At the national level, the liberal order is synonymous with:
- Democratically elected leaders
- The rule of law
- Market economy
- Religious and social tolerance
- Human rights
Proponents of a liberal world order do not believe that this dream society arises spontaneously or automatically sustains itself. On the contrary, they believe that the liberal order requires active leadership. They also agree the United States, as the only superpower, is uniquely qualified to take the lead. Because it faces no threats in the Western Hemisphere and is shielded from the rest of the world by two vast oceans, it can intervene in distant countries without jeopardising its own survival. The two fundamental beliefs of liberal hegemony:
- The United States must remain far more powerful than any other country.
- It should use its superior military power to defend, spread and deepen liberal values around the world.

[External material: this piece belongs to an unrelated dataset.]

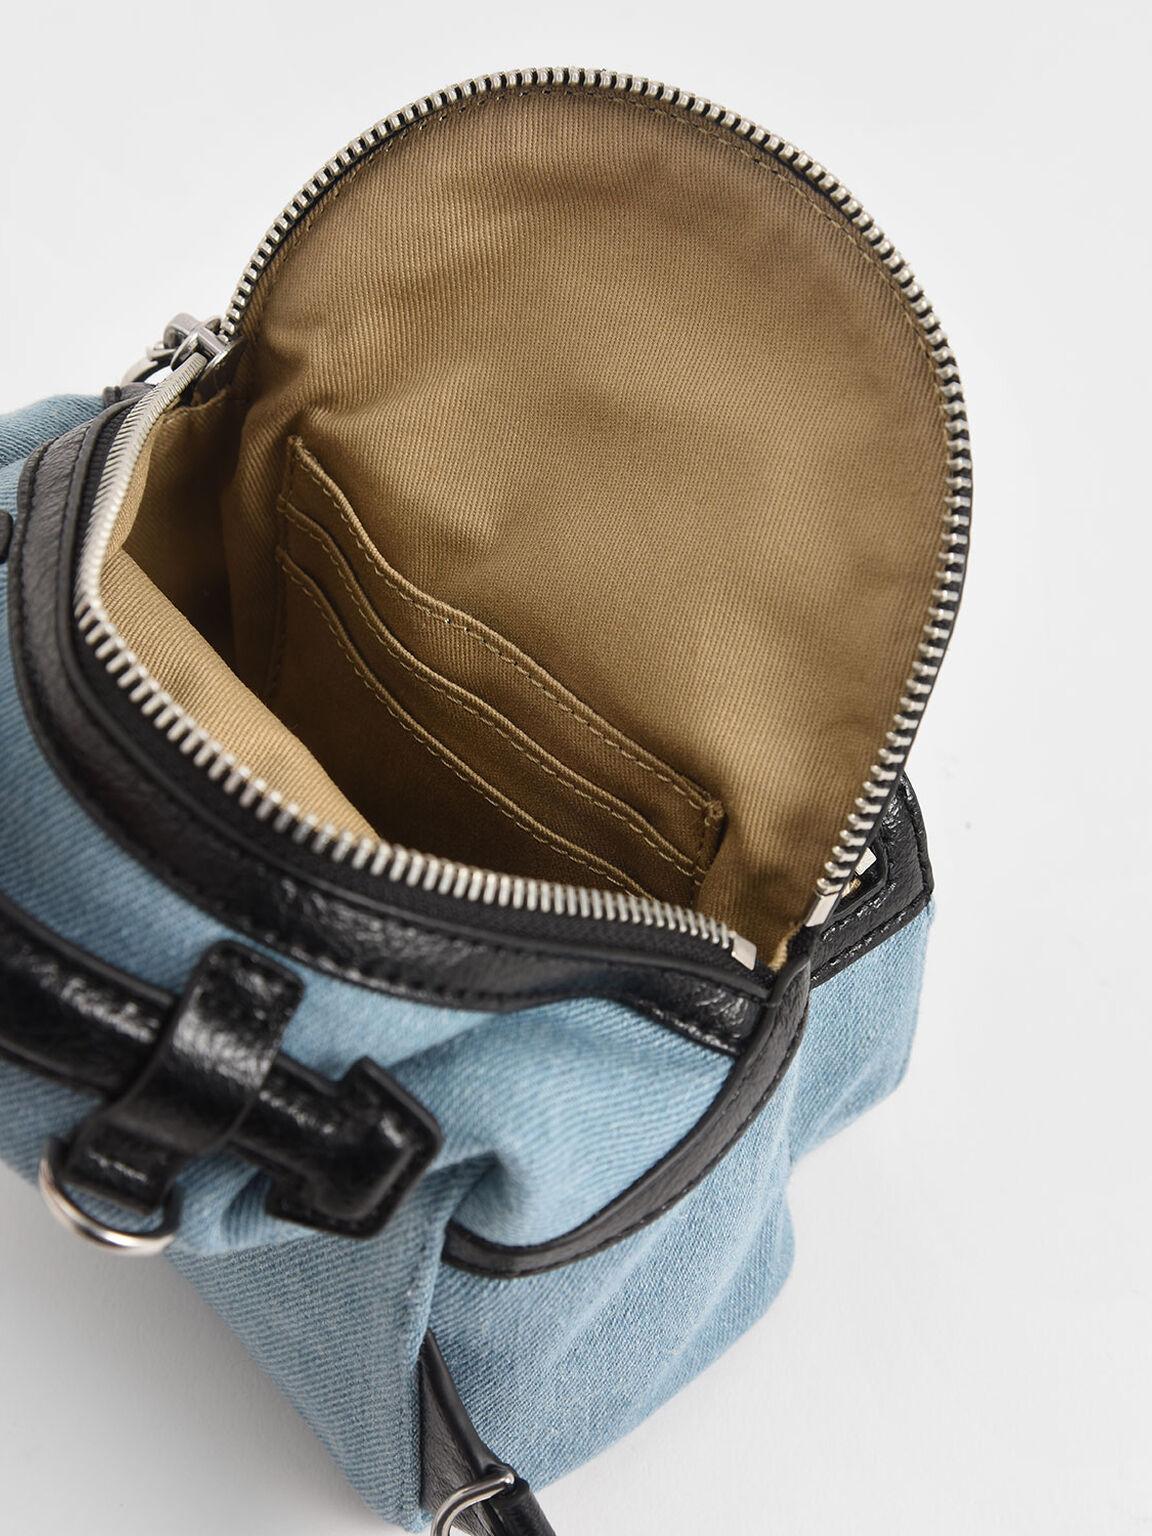 小型拉鍊後背包, 丹寧藍, hi-res
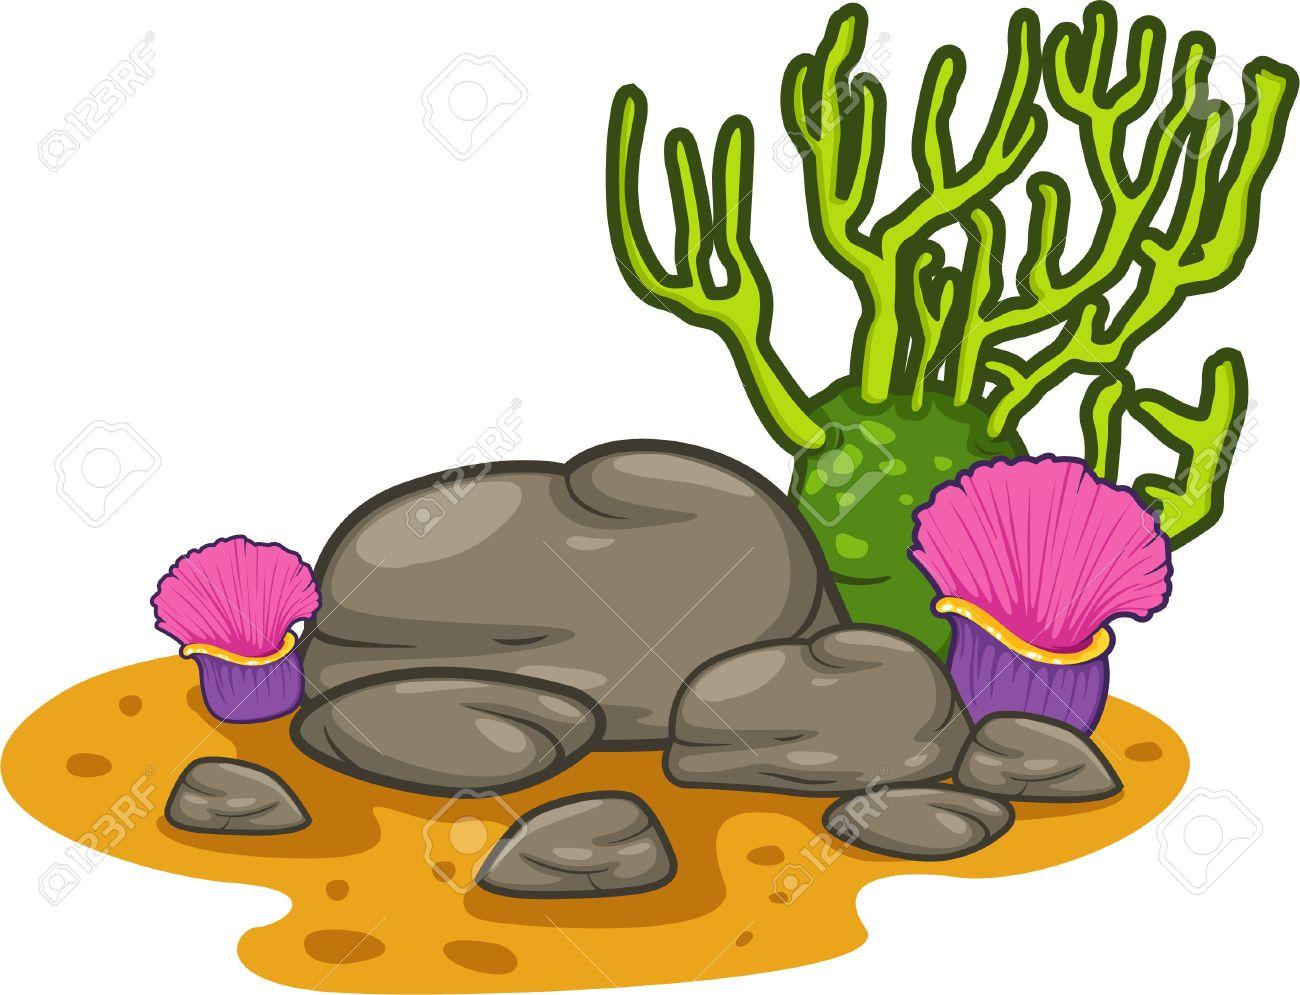 Under the sea corals clipart.

In the 1990s, after the collapse of the Soviet Union, history seemed to be moving in the US direction and it was considered easy to spread the American version of liberalism. The victory in the Cold War, the so-called Velvet Revolutions in Eastern Europe and a wave of democratic transitions in Latin America convinced many that liberal democracy was the only logical end point for modern or even postmodern societies.
US Secretary of State Madeleine Albright called the United States ‘the indispensable nation that sees beyond what others do.’ The Washington Post hailed US foreign policy as ‘the landmine that protects civilisation from barbarism.’ Only so-called rogue states, led by dictators and international troublemakers, opposed the exercise of US power, but they were comparatively weak and politically isolated. In any case, they were assumed to be heading for the dustbin of history.
The political scientist Francis Fukuyama captured the zeitgeist perfectly when he argued that the great ideological battles of the past were now behind us and that humanity had reached the end of history. In the future, he said, there would be no struggle or conflict over major issues and consequently no need for generals or statesmen. Fukuyama warned that boredom could be the greatest danger of the future.
The enlargement and deepening of the EU in 1992, and the introduction of the euro as the single currency, fitted into this optimistic narrative. The EU was further proof that democracy, and the gradual development of international institutions, could bring lasting peace between countries that had previously fought bloody wars with each other. Overall, the future seemed bright not only for the United States but also for much of the world. Liberal values were on the rise and seemed to be inexorably pulling the world in the direction American leaders wanted it to go.